When you make your monthly student loan payments every month, you will likely begin to see your credit score slowly inch upwards. Though it may seem that the high balance would make your credit score go down, paying on your student loans is building your credit history.
A $25,000 student loan will not be looked at the same way as a $25,000 credit card balance.
That’s because the credit bureaus view a student loan as an installment loan rather than a revolving loan. With an installment loan, the balance is expected to go down (cars and houses are paid with installment loans), whereas revolving loans are expected to fluctuate and more often go up.
So, we know why your loans won’t make your score go down, but how will they make it go up? There are two factors that are being affected, credit age and payment history. Student loans usually take a [very] long time to pay off. This may be a discouraging thought at times but look it at this way, the more payments you make, the longer the payment record is on your credit report. The longer your credit history is, the higher your score will be.
Which brings us to the second point, payment history. Payment history usually accounts for about 35% of your score. Make your payments and see your score go up. Pretty simple. In order to see a score increase, your loan payments must be paid on time, every month. This shows creditors that you are responsible and able to manage your credit obligations.

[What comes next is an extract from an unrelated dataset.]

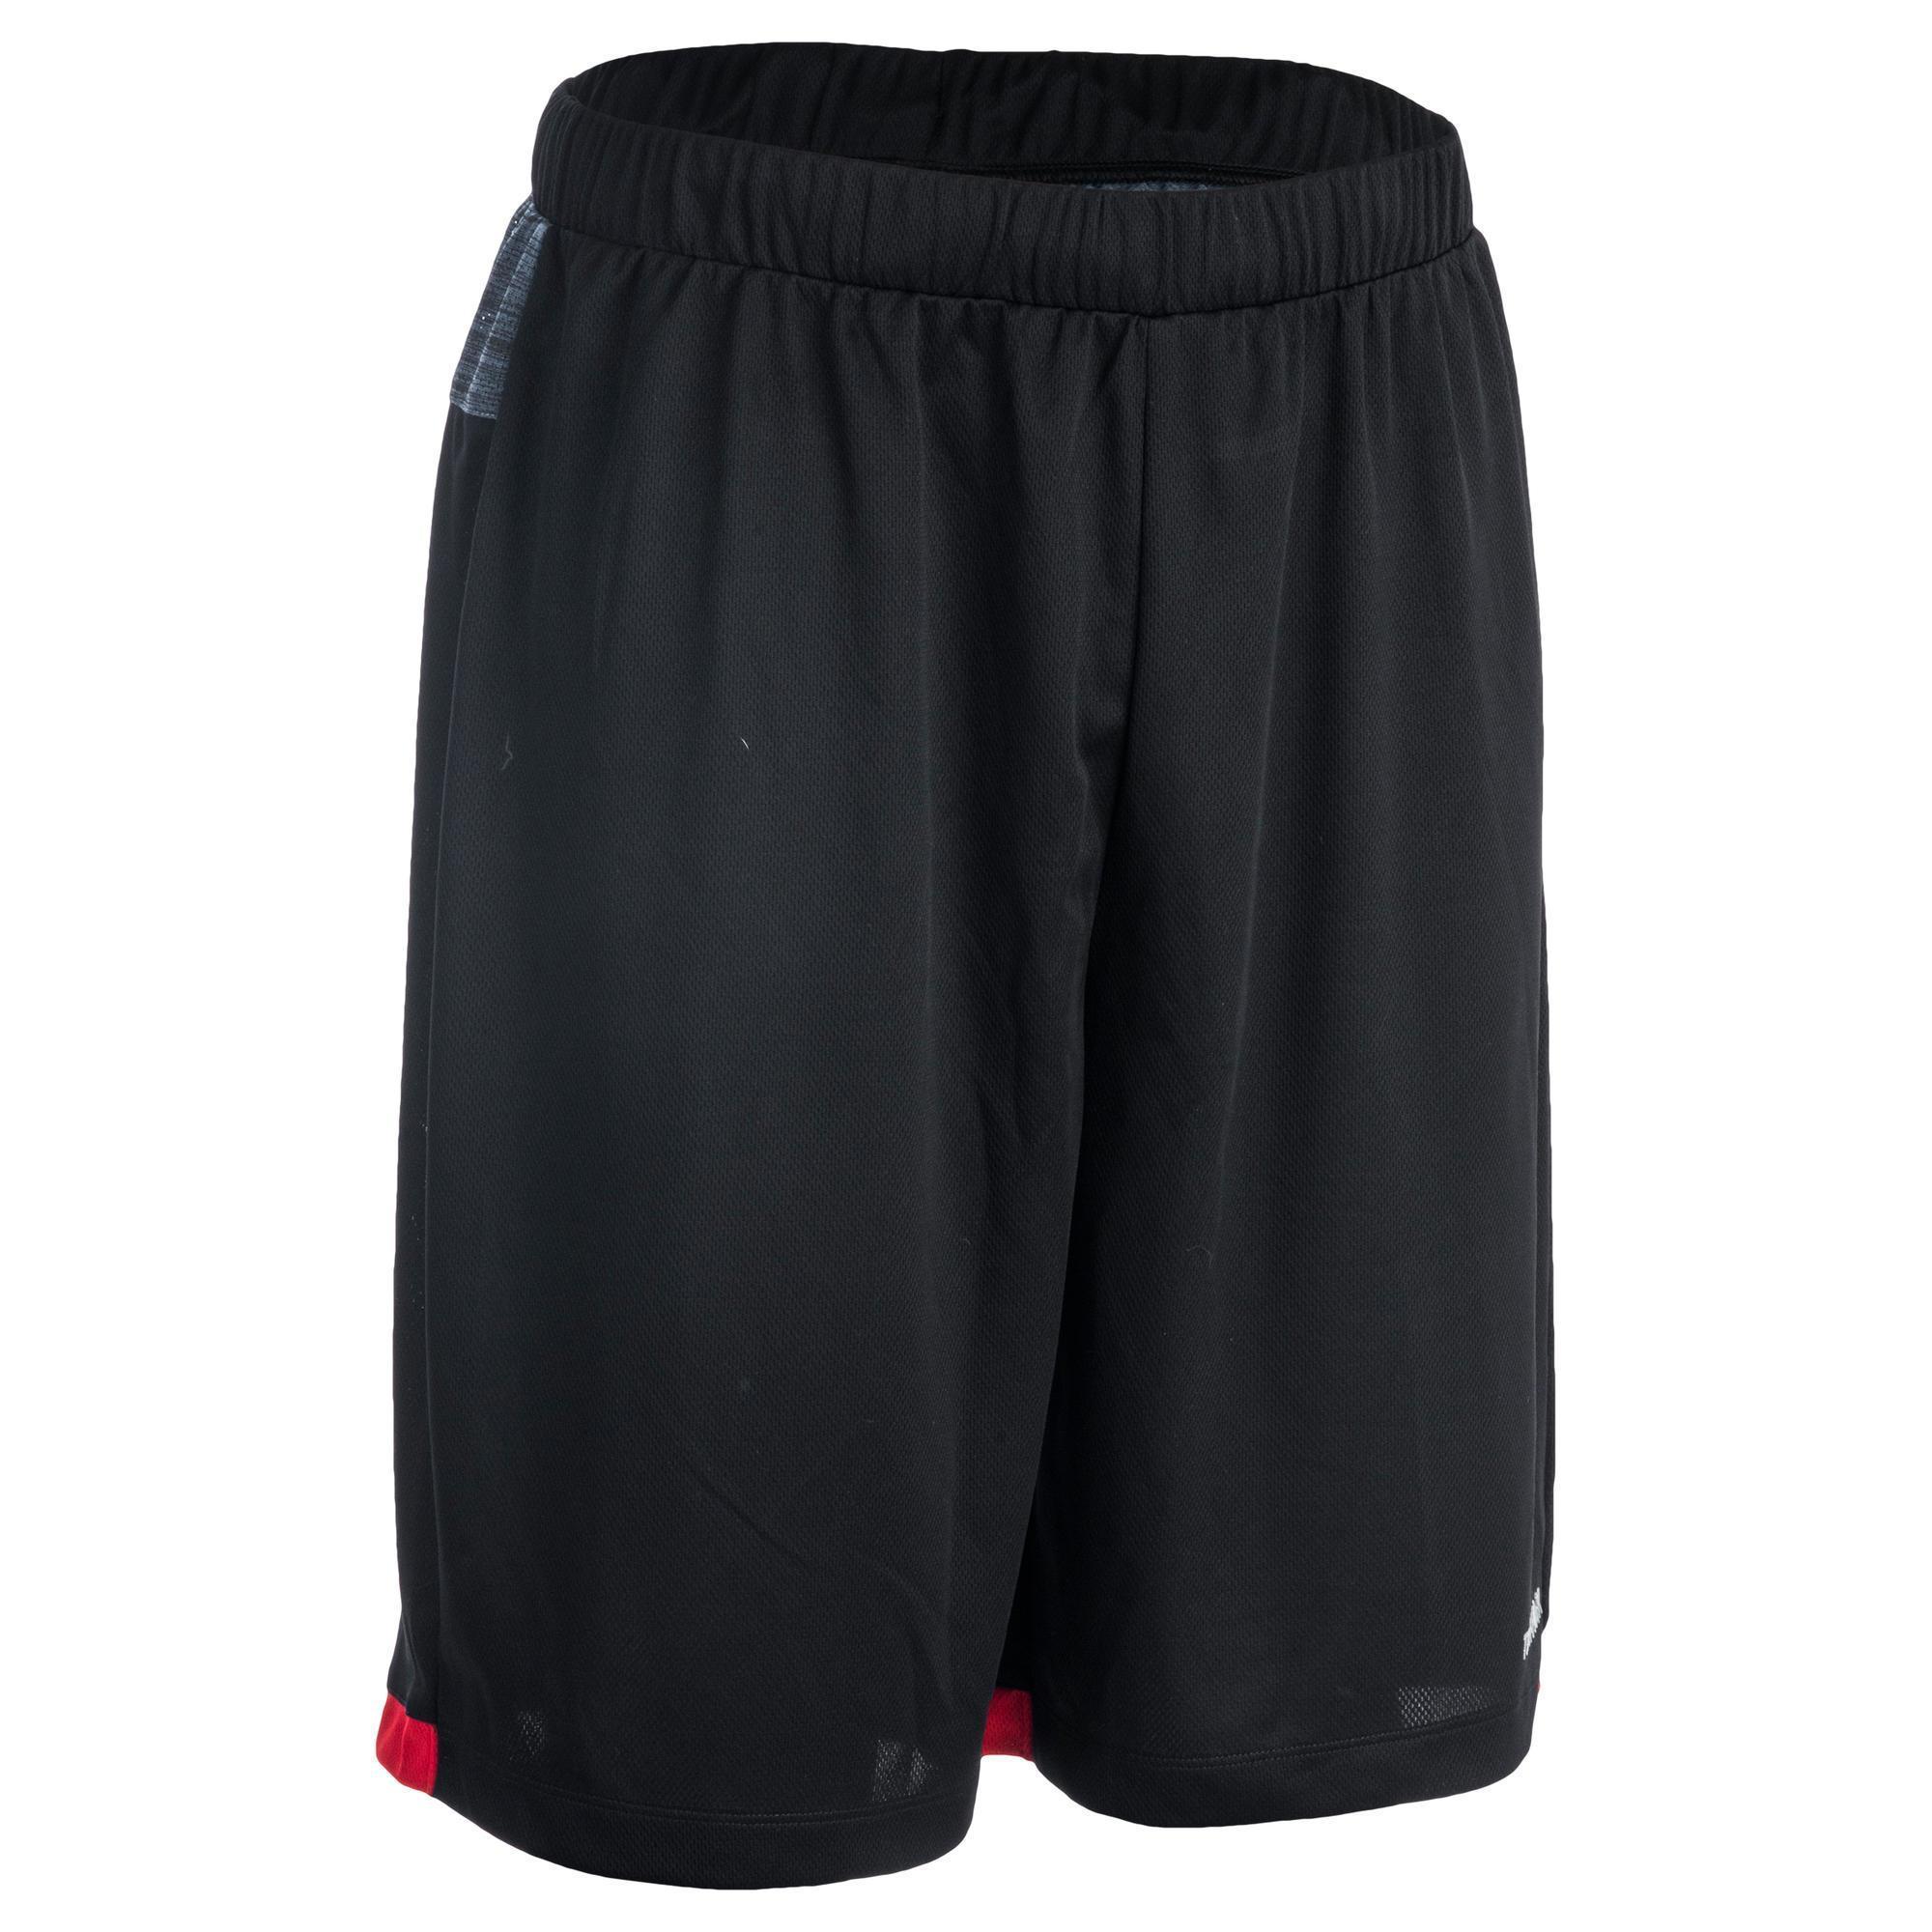 Basketballshorts SH500 Herren Fortgeschrittene schwarz/rot | Sportbekleidung > Sporthosen > Basketballshorts | Schwarz - Rot | Tarmak

Obviously, while making monthly payments can increase your score, failing to make on-time payments will decrease your score, fast. Some loan servicers will report a late payment after 90 days, where others may do it as early as 30 days past the due date.
One payment may not affect your credit score too much, but any more than that and you may see a change. What’s worse is these late payments stay on your report for seven years. That’s why it’s important to let your lender know as soon as you anticipate issues in repaying your loan. They may be able to work with you.